Le 12 juillet 2024, Gaël Bodénès, patron de Bourbon, un groupe maritime français basé à Marseille (spécialisé dans les services de support à l’exploration, au développement et à la production des champs pétroliers et gaziers), et Laurent Renard, ancien directeur adjoint de la même compagnie, ont été condamnés à 24 mois de prison avec sursis. Le même jour, Christian Lefèvre ancien directeur général de Bourbon a écopé d’une peine de 30 mois de prison avec sursis. Les trois hommes qui doivent en outre s’acquitter chacun d’une amende de 80 000 euros (52,4 millions de FCFA) ont été reconnus coupables de faits de corruption au Nigeria, au Cameroun et en Guinée Equatoriale. En tout et pour tout, 7 hauts responsables de Bourbon ont déjà été condamnés dans cette affaire de corruption, pendante devant la justice française depuis 2012.
Selon le réquisitoire lu par le représentant du ministère public, des employés de Bourbon, Sous la houlette de Gaël Bodénès, qui a d’ores et déjà fait appel de cette décision par le biais de ses conseils qui estiment que «le tribunal a relativisé beaucoup de choses», ont versé aux agents du fisc de ces trois pays, d’importantes sommes d’argent. Au Nigeria, 2 millions de dollars (1,2 milliard de FCFA) ont été versés au directeur des services fiscaux, pour que ce dernier fasse passer le redressement fiscal de l’entreprise de 227 millions de dollars (136,6 milliards de FCFA) à 4 millions de dollars (2,4 milliards de FCFA). Des pots-de-vin d’un montant consolidé de 700 000 dollars (421,3 millions de FCFA) ont également été distribués à des contrôleurs fiscaux nigérians pour les mêmes fins.
Au Cameroun, l’enquête menée par la justice française a révélé que des pots-de-vin de 150 000 euros, soit environ 100 millions de francs CFA, auraient été versés à deux inspecteurs des impôts. Ces sommes auraient servi à faire disparaître une dette fiscale de 11 millions d’euros (7,2 milliards de francs CFA) due par la firme française Bourbon. Pour Akere Muna, avocat et homme politique qui se bat depuis au moins deux ans pour que les officiels camerounais ayant participé à ce scandale de corruption soient trainés en justice, ces accusations ne devraient plus revêtir le manteau du doute. Selon lui, si la justice française a condamné des corrupteurs en France, il est temps qu’au Cameroun les corrompus soient jugés. «Si nous avons des inspecteurs d’impôts véreux, puisque à Marseille on a dit que la corruption était avérée, très rapidement au niveau du Cameroun on devrait commencer les poursuites contre ces inspecteurs. Il faut que la volonté politique de lutter contre la corruption se ressente de façon concrète. Pas de façon timide. L’action ne doit pas seulement se concentrer sur la récupération des prébendes que devaient verser cette société à l’administration fiscale. Et les corrupteurs alors ! C’est cette réticence de poursuivre les camerounais qui ont sollicité ces prébendes qui est incompréhensible. C’est promouvoir l’impunité. C’est ça qui me désole», a-t-il confié à nos confrères de RFI.

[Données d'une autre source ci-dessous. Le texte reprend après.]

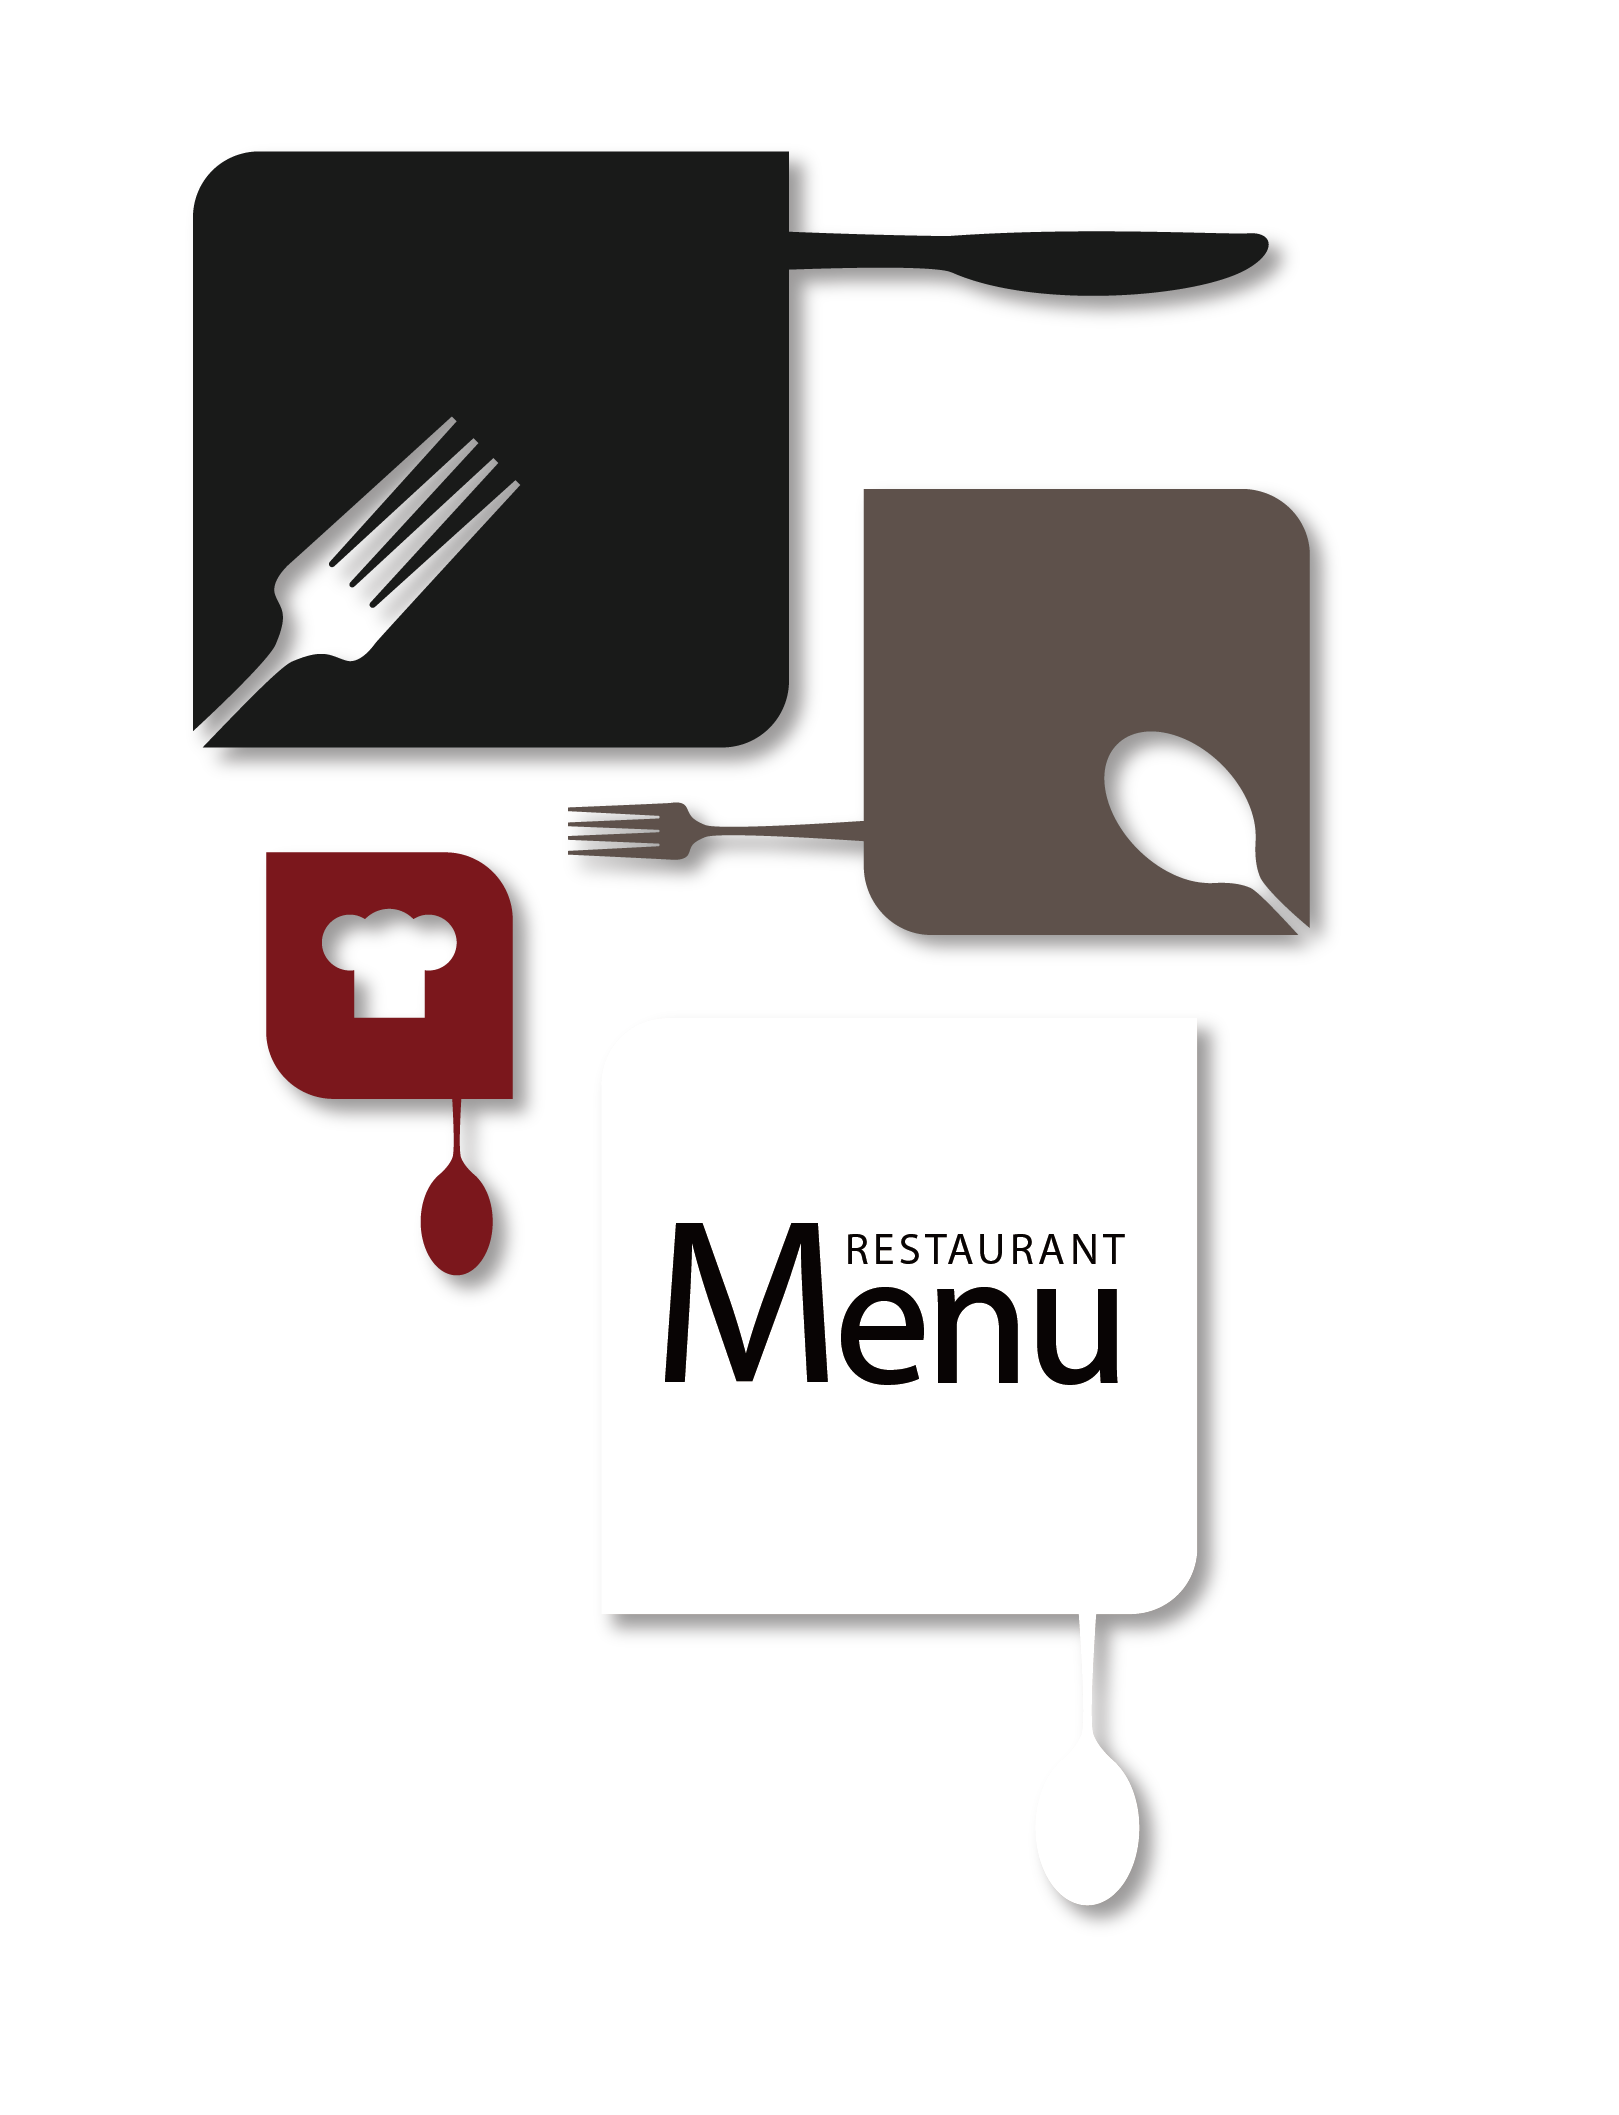 Dish Menu Icon Restaurant Free Download Image PNG Image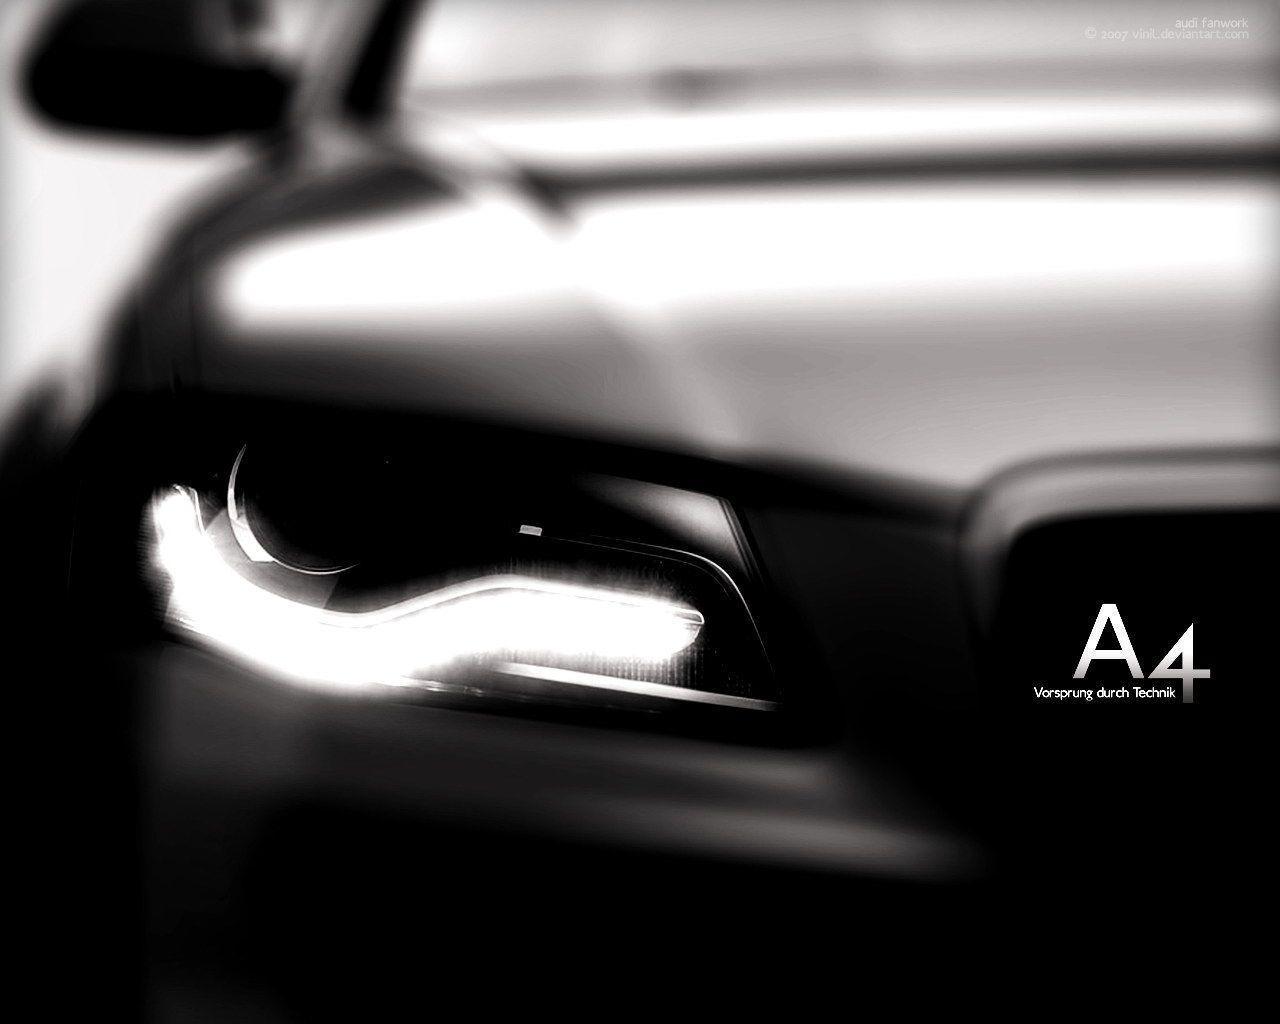 Audi A4 Wallpaper For Ipad

L’ire d’Akere Muna est compréhensible. Comme Défis Actuels vous l’expliquait dans sa parution en kiosque du 24 au 26 juin 2024, une équipe de conseils camerounais missionnée par le ministère des Finances après avoir obtenu l’accord de la présidence de la République, s’est faite admettre comme partie civile dans l’affaire Bourbon. La mission qui leur a été confiée est claire: récupérer les 7,2 milliards de FCFA détournés au détriment du trésor public camerounais et obtenir des dommages et intérêts pour réparer intégralement le préjudice subi. Pourtant, au niveau national, la justice demeure muette.